Decolonizzazione del digitale: femminismo e tecnologia intersezionale

Il 2020 ha dimostrato che la tecnologia ha un disperato bisogno di trasformazione. Tutto questo ha assunto toni particolarmente chiari in relazione all’esperienza di questa stessa tecnologia da parte di persone relegate ai margini della società; eppure, questa trasformazione non avviene da sola.

Se il movimentato 2020 ci ha insegnato qualcosa, è che il mondo digitale non è un universo lontano o alternativo rispetto alla nostra realtà quotidiana. Il digitale è sempre meno creatore di un confine magico nel quale le differenze umane scompaiono e si allineano in virtù della comune necessità di connessione. Il 2020 ha dimostrato che la tecnologia ha un disperato bisogno di trasformazione. Tutto questo ha assunto toni particolarmente chiari in relazione all’esperienza di questa stessa tecnologia da parte di persone relegate ai margini della società; eppure, questa trasformazione non avviene da sola. Per tante persone, le disuguaglianze sono state esacerbate dalla tecnologia. La fantasia multietnica, multirazziale e paritaria in termini di genere della vecchia serie televisiva “Star Trek” ha lasciato il posto a un’era in cui la maggior parte della vita si svolge online, eppure i rischi e le conseguenze variano drammaticamente in base al colore della pelle, al genere e all’identità etnica/razziale o sessuale della singola persona. Lo stile di vita su misura e computerizzato dei classici cartoni animati alla “The Jetsons” non corrisponde al nostro universo digitale, idealmente popolato da allegri visitatori online. Al contrario, il paesaggio digitale del ventunesimo secolo è diventato un luogo dove le persone e le comunità emarginate lottano per l’accesso, combattono per la propria visibilità e tentano di evitare danni e/o strumentalizzazioni mediante l’impegno digitale.

Chi è a casa nel mondo digitale?

Le donne si sentono a loro agio nel cyberspazio, dove la tecnologia “deep fake”, il “revenge porn” e una serie di violenze digitali (per esempio il “doxxing” e abusi quali il “dog piling”) le colpiscono in modo sproporzionato? Le minoranze etniche, come gli uiguri e i musulmani rohiynga, si sentono a proprio agio nel far fronte al monitoraggio e al sabotaggio delle loro interazioni online da parte delle piattaforme social e delle app di messaggistica? Quanto si sentono a proprio agio lə utentə più anzianə nell’essere rintracciatə online e selezionatə per la vendita di apparecchi acustici, pannolini per adultə e polizze di assicurazione sulla vita?

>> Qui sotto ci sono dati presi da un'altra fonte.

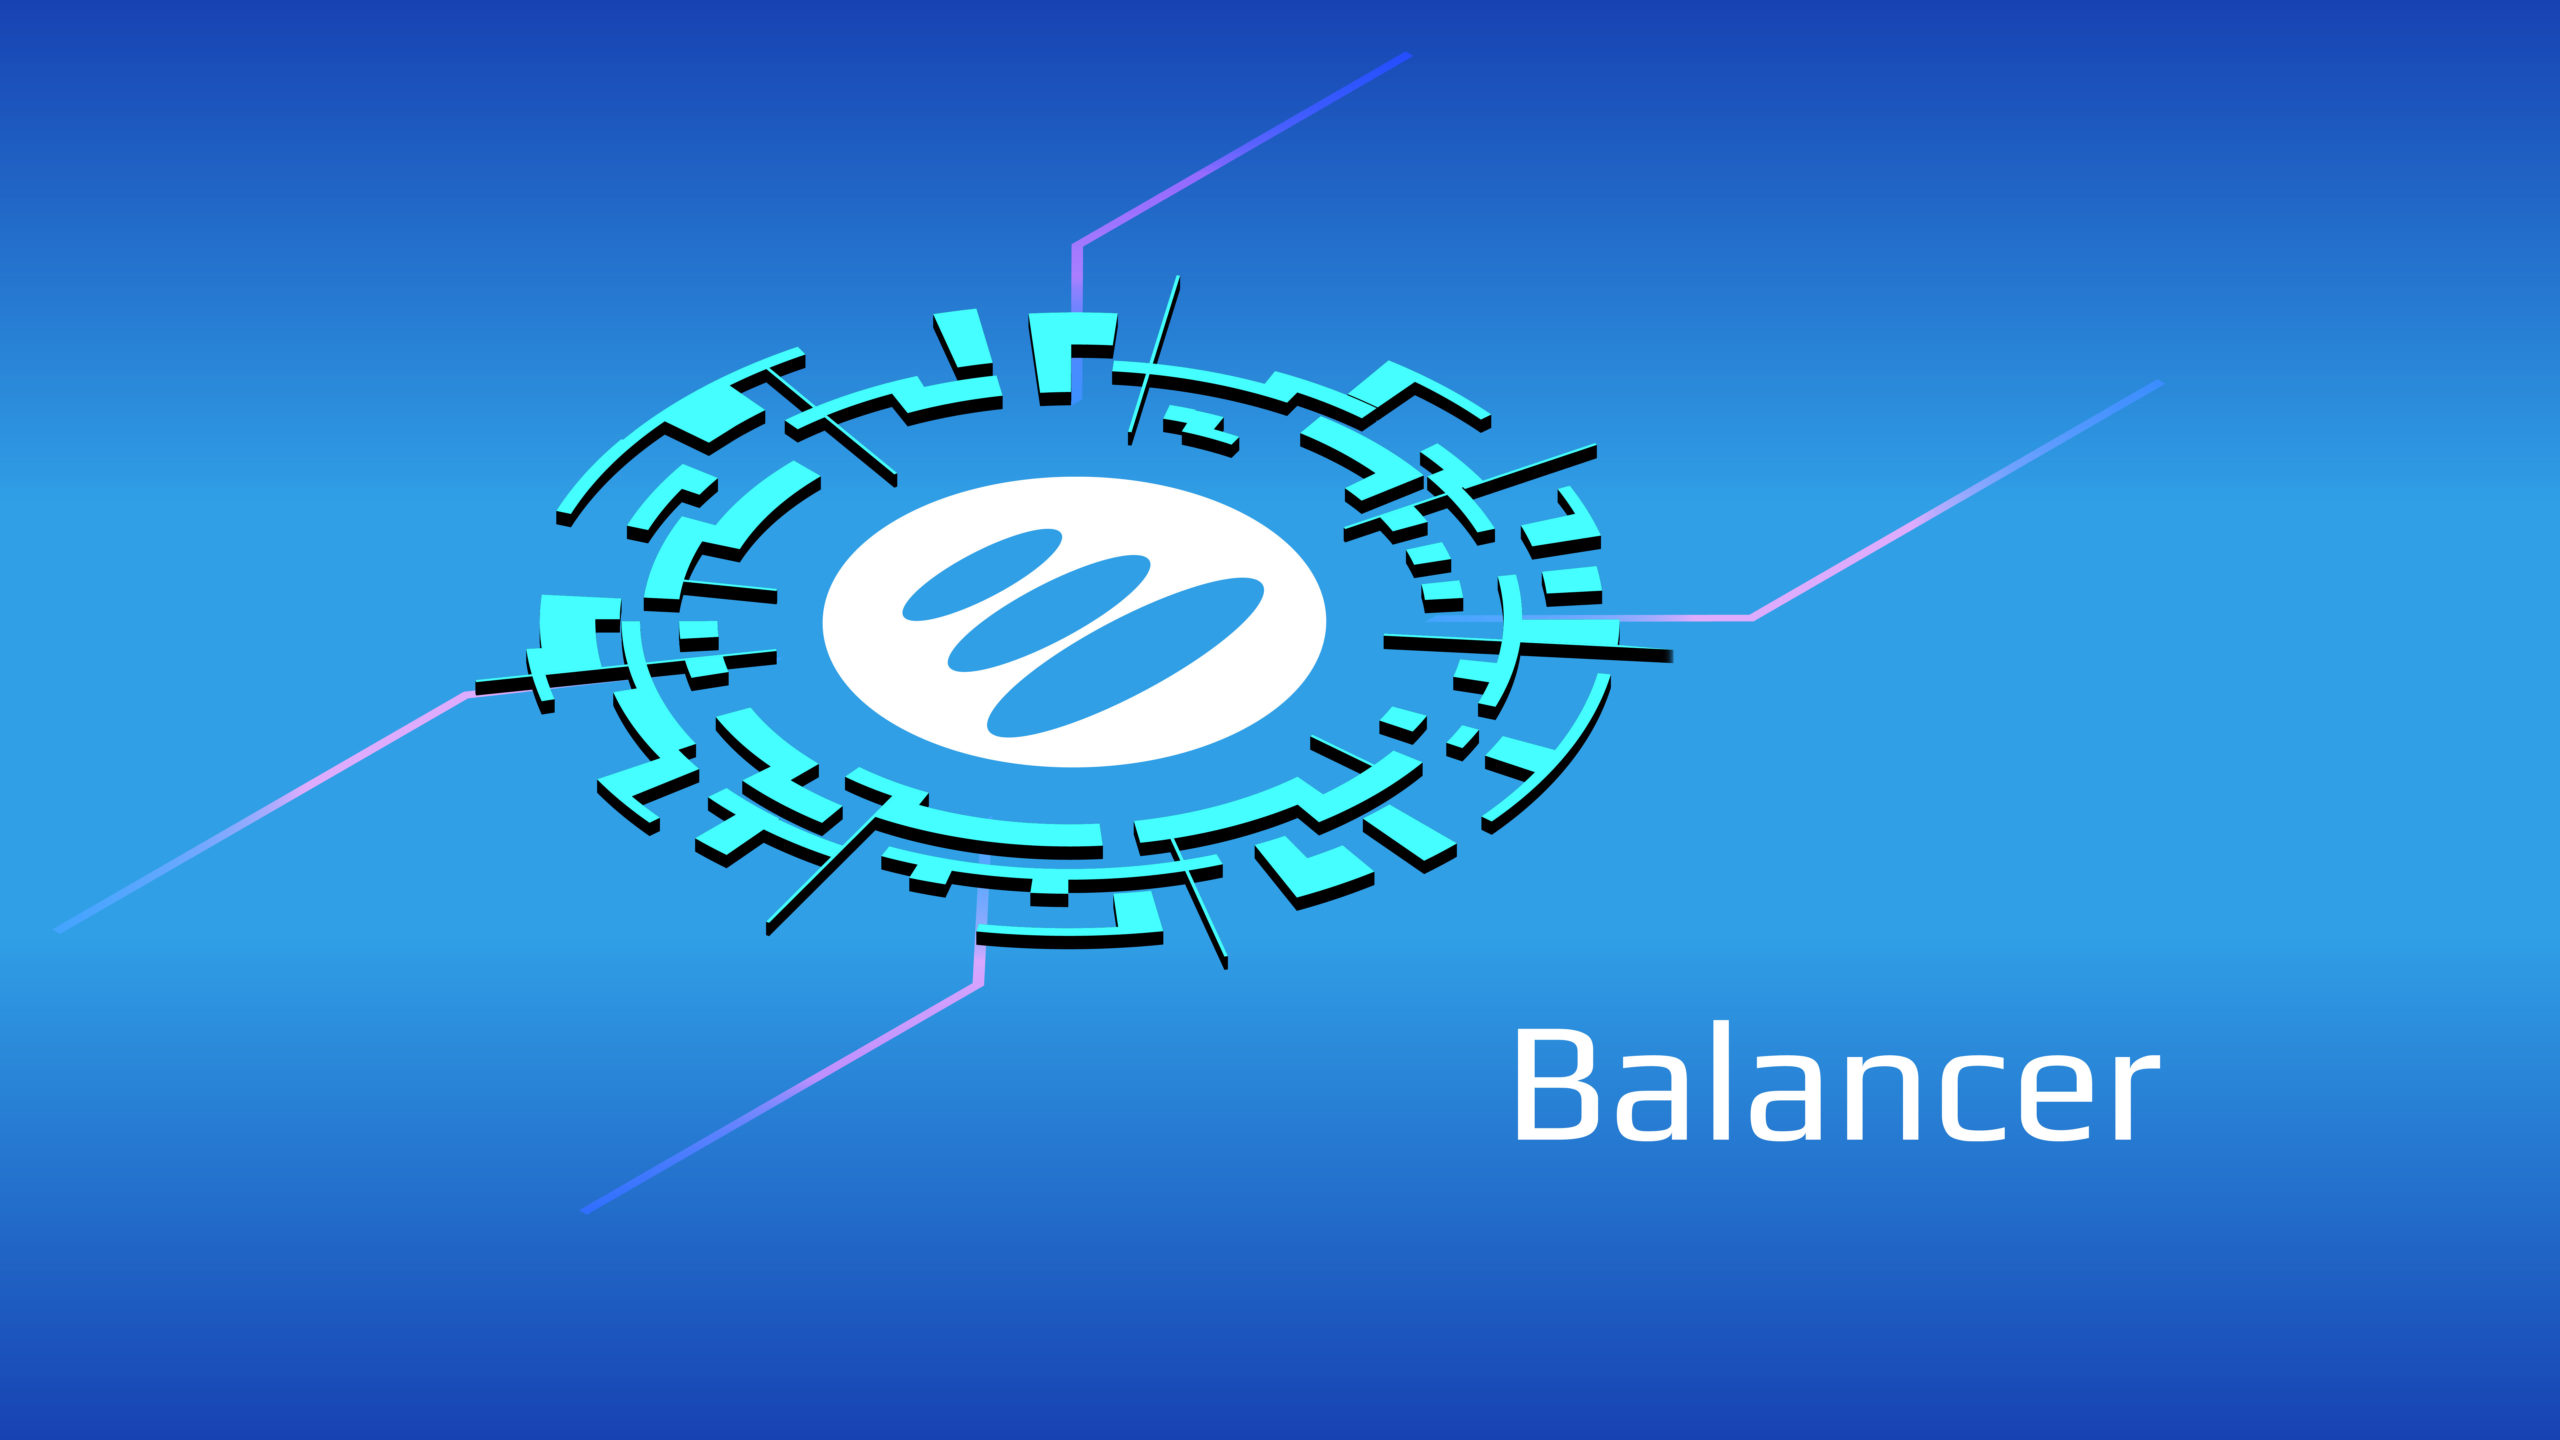 DeFi Protocol Balancer has integrated With the WallStreetBets cryptocurrency app, should you invest in BAL? | Invezz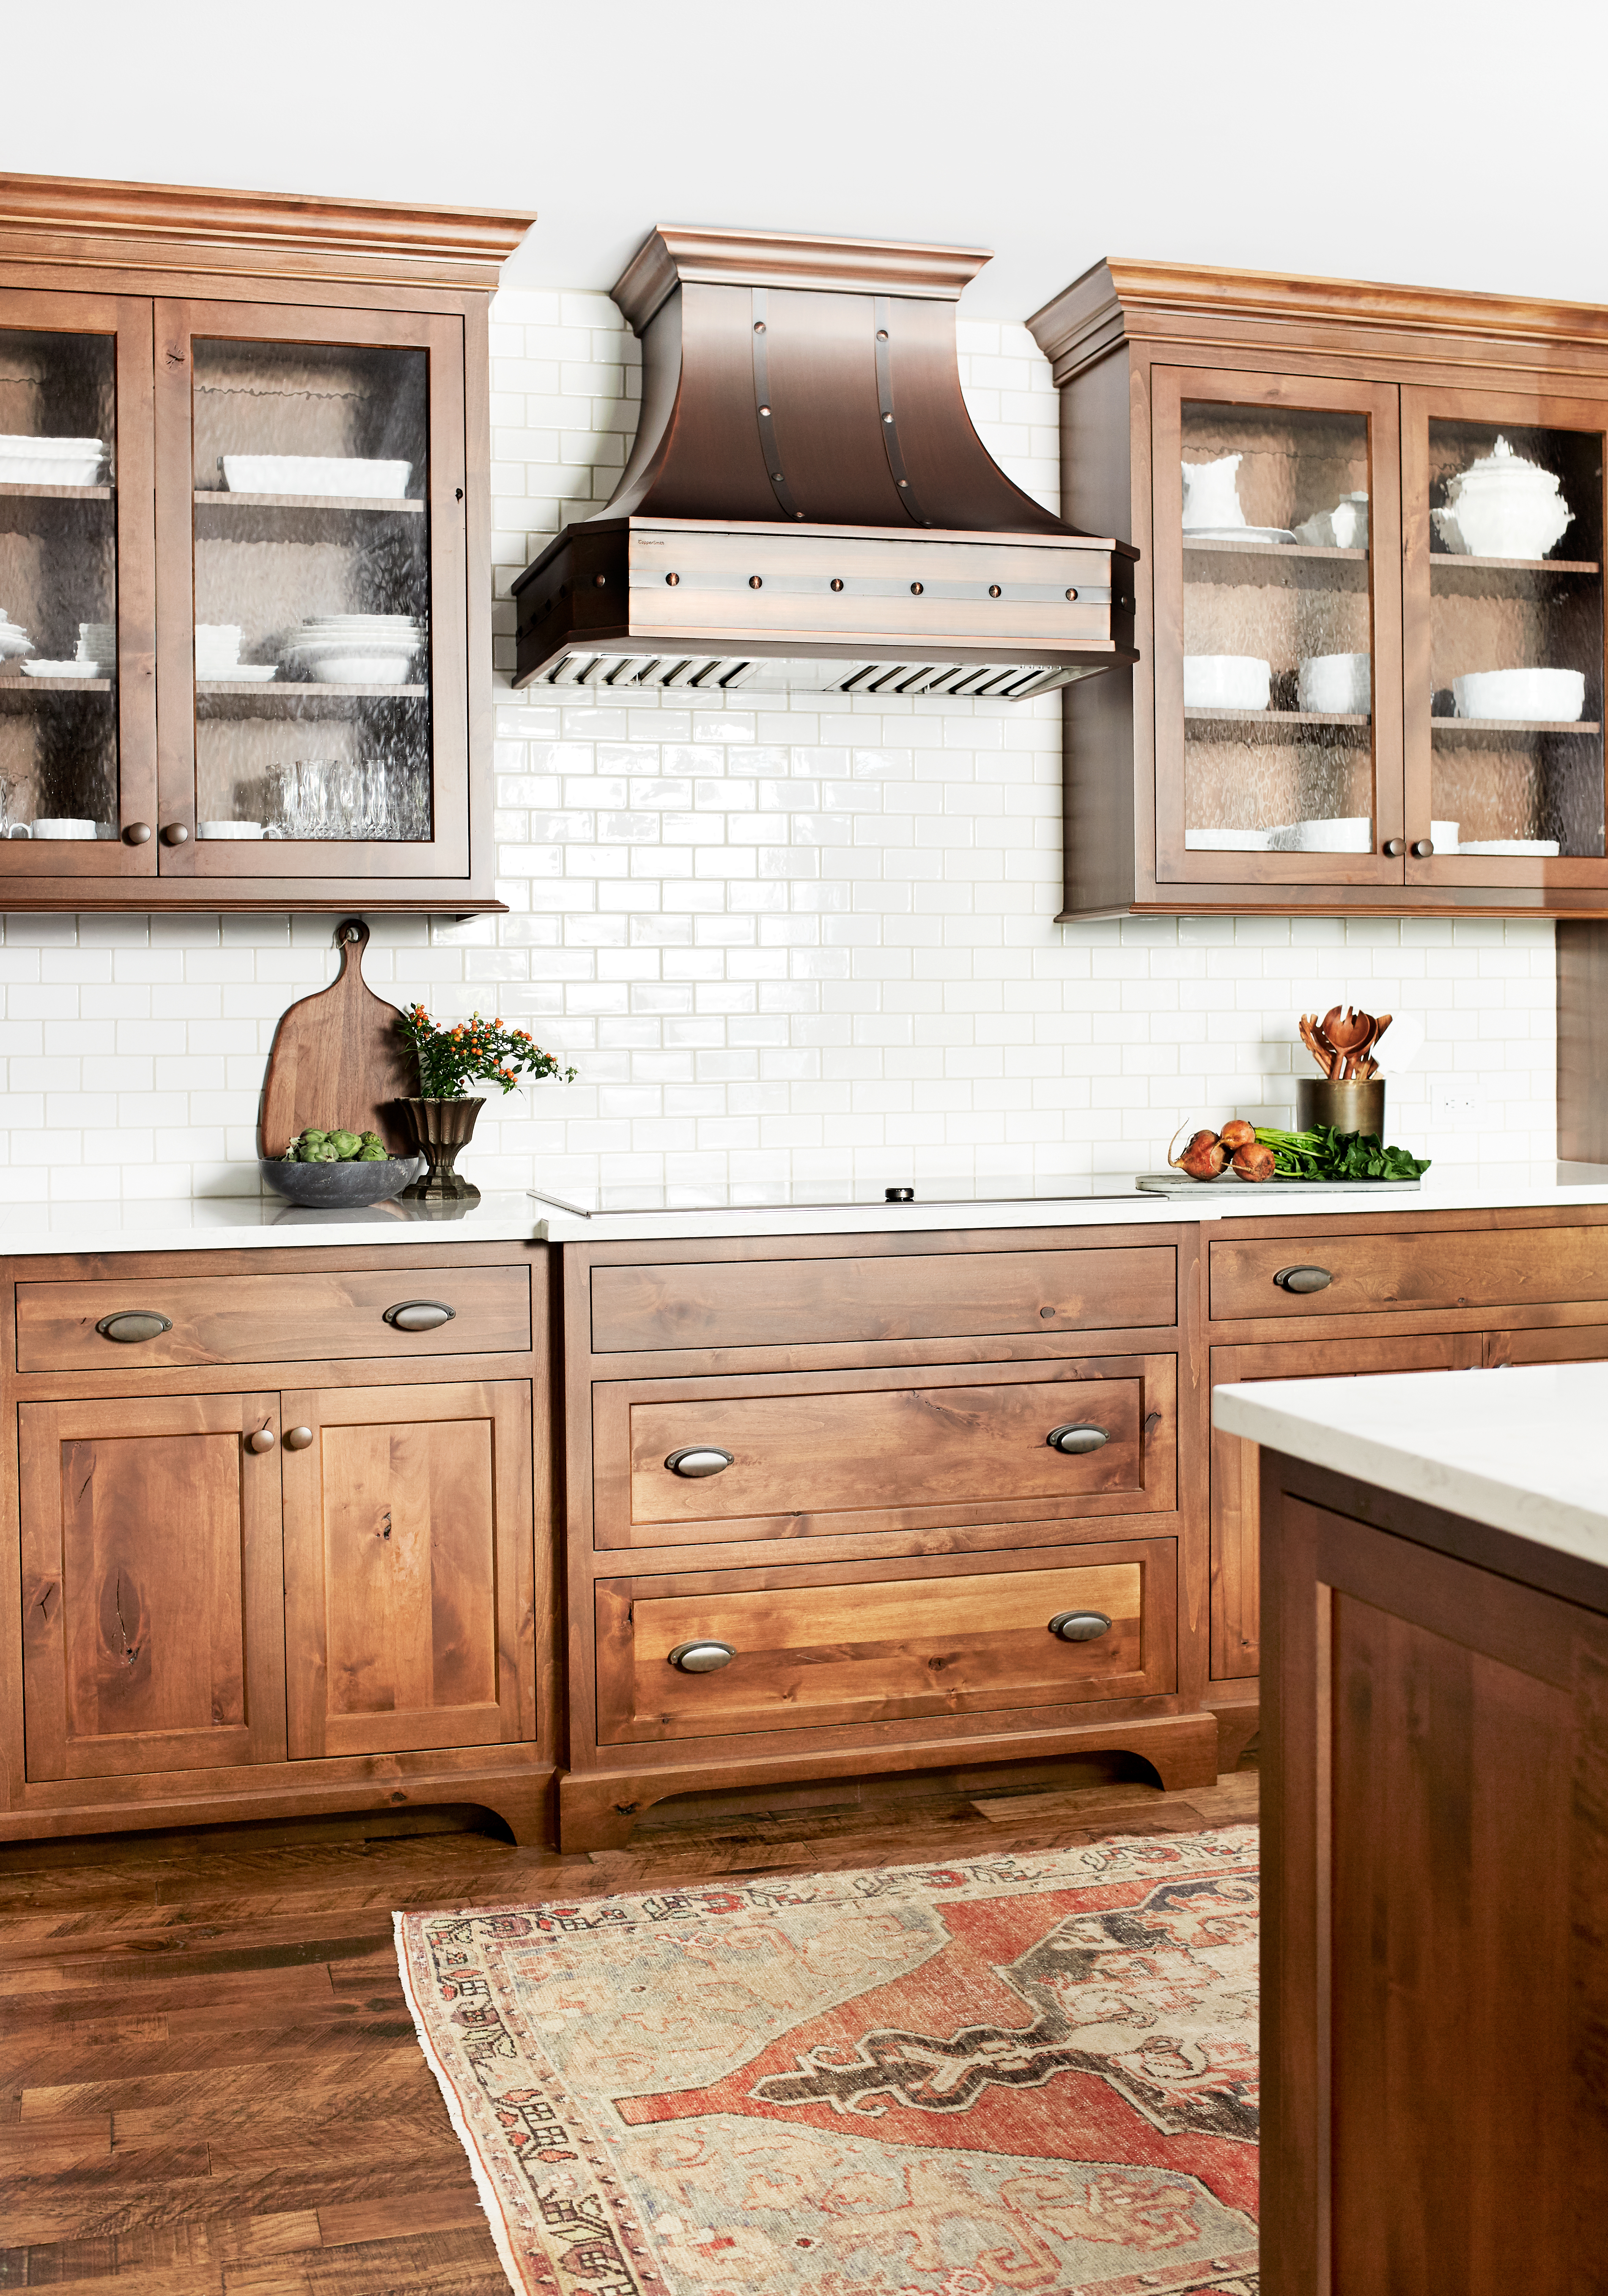 How to Remove Odor from Wood Cabinets: The Ultimate Guide

Il mondo digitale non è fatto per tuttə. Se non altro, riflette tutti i problemi del mondo fisico, e ancor di più se si considera chi deve sopportare il peso delle difficoltà, online e offline. In qualsiasi ambito rilevante della vita, dalla salute, l’educazione, la finanza e l’occupazione fino alla sicurezza fisica, le persone soffrono gli effetti del razzismo, del sessismo, del classismo, dell’abilismo, della queerfobia e della xenofobia. Dato il parallelo tra la soppressione e l’esautorazione delle donne e delle minoranze nel mondo reale e lo stesso fenomeno su Internet, dovremmo chiederci chi beneficia della digitalizzazione e quanto tutto questo possa essere distruttivo per chi non ne trae beneficio. Per esempio, quando i sistemi digitali diventano autoreferenziali, così che la verifica dellə utenti di “interesse pubblico” avviene sulla base di una voce di Wikipedia, notiamo rapidamente che la maggioranza degli editori di genere maschile trascura la creazione di pagine di informazione pubblica sulle imprese di donne. Questo vale anche per altri gruppi minoritari. Siamo sempre più alle prese con processi di verifica, revisione e decisione da parte di un gruppo ristretto di persone secondo norme dominanti che si basano sulla razza, sulla condizione economica, sull’appartenenza geografica e sul genere.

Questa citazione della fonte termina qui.